Posted in reply to kyath_sas

If there was at most two same GNO for the same SNO,that would be easy.

 

 

data have;
input sno gno x$ date1  date2;
informat date1 date2 date9.;
format date:date9.;
cards;
1 1 x 03jan1999 06may2010
1 2 y 04jan1999 07may2010
1 3 z 05jan1999 08may2010
2 1 a 03feb2001 06jun2011
2 2 b 04feb2001 07jun2011
2 2 c 05feb2001 08jun2011
2 3 d 06feb2001 09jun2011
;
run;


data data1 data2;
 set have;
 by sno gno;
 if first.gno then output data1;
  else output data2;
run;
proc sql;
create table temp as
 select * from data1 where sno in (select distinct sno from data2) order by sno,gno;
quit;
data want1;
length list $ 200;
 do until(last.sno);
  set data1;
  by sno;
  if first.sno then first=date1;
  list=cats(list,x);
 end;
 last=date2;
 drop x date1 date2 gno;
 format first last date9.;
run;




data temp1;
 merge temp data2;
 by sno gno;
run;
data want2;
length list $ 200;
 do until(last.sno);
  set temp1;
  by sno;
  if first.sno then first=date1;
  list=cats(list,x);
 end;
 last=date2;
 drop x date1 date2 gno;
 format first last date9.;
run;

data want;
 set want1 want2;
 by sno;
run;
Solution
2 weeks ago
Super User
Super User
Posts: 8,093

Re: vertical concatenation2

[ Edited ]
Posted in reply to kyath_sas

You might be able to use MERGE to do that, but it depends on the number of replicates for the variables GNO numbers within the SNO numbers.  Note that a data step MERGE will match observations one for one when there are multiple input datasets that have replicates for the same BY variable value.
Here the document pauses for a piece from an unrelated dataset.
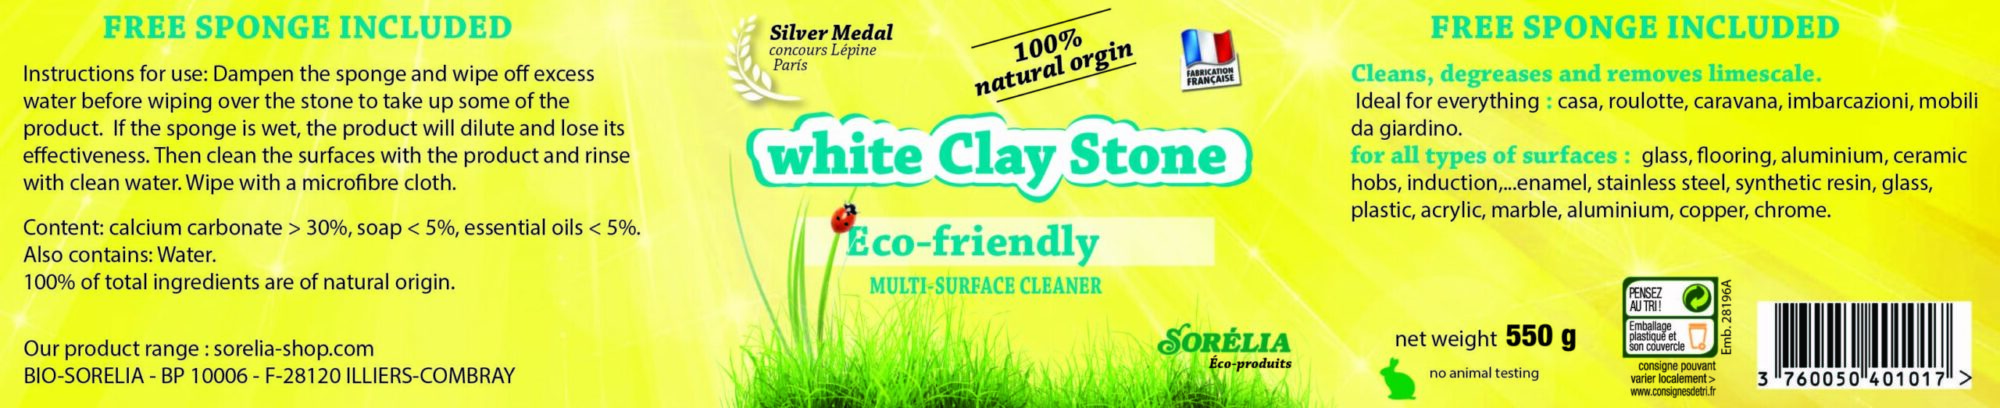 White clay stone

So it will work in you case where on GNO=2 repeats.  The values for when GNO=1 and GNO=3 will be carried forward onto both records.

 

data want ;
  merge
    have(where=(gno=1) rename=(x=x1 date1=date1_1 date2=date2_1))
    have(where=(gno=2) rename=(x=x2 date1=date1_2 date2=date2_2))
    have(where=(gno=3) rename=(x=x3 date1=date1_3 date2=date2_3))
  ;
  by sno ;
  length xlist $3 ;
  xlist=cats(of x1-x3);
  start=min(of date:);
  stop =max(of date:);
  drop gno x1-x3 date: ;
  format start stop date9.;
run;

If you could multiple replicates and wanted to take all combinations then use PROC SQL.

 

proc sql ;
  create table want as 
  select a.sno
       , cats(a.x,b.x,c.x) as xlist length=3
       , min( min(a.date1,b.date1,c.date1) ) as start format=date9.
       , max( max(a.date2,b.date2,c.date2) ) as stop format=date9.
  from 
    have(where=(gno=1)) as a 
  , have(where=(gno=2)) as b
  , have(where=(gno=3)) as c
  where a.sno = b.sno and b.sno=c.sno 
  group by 1,2
  order by 1,2 
  ;
quit;
Occasional Contributor
Posts: 11

Re: vertical concatenation2

Thanks Tom ,

 

Really nice thanks for help . i checked for huge data ..its working.:-)

Occasional Contributor
Posts: 11

Re: vertical concatenation2

Hi tom,

thanks for your solution .i am very thankful to you .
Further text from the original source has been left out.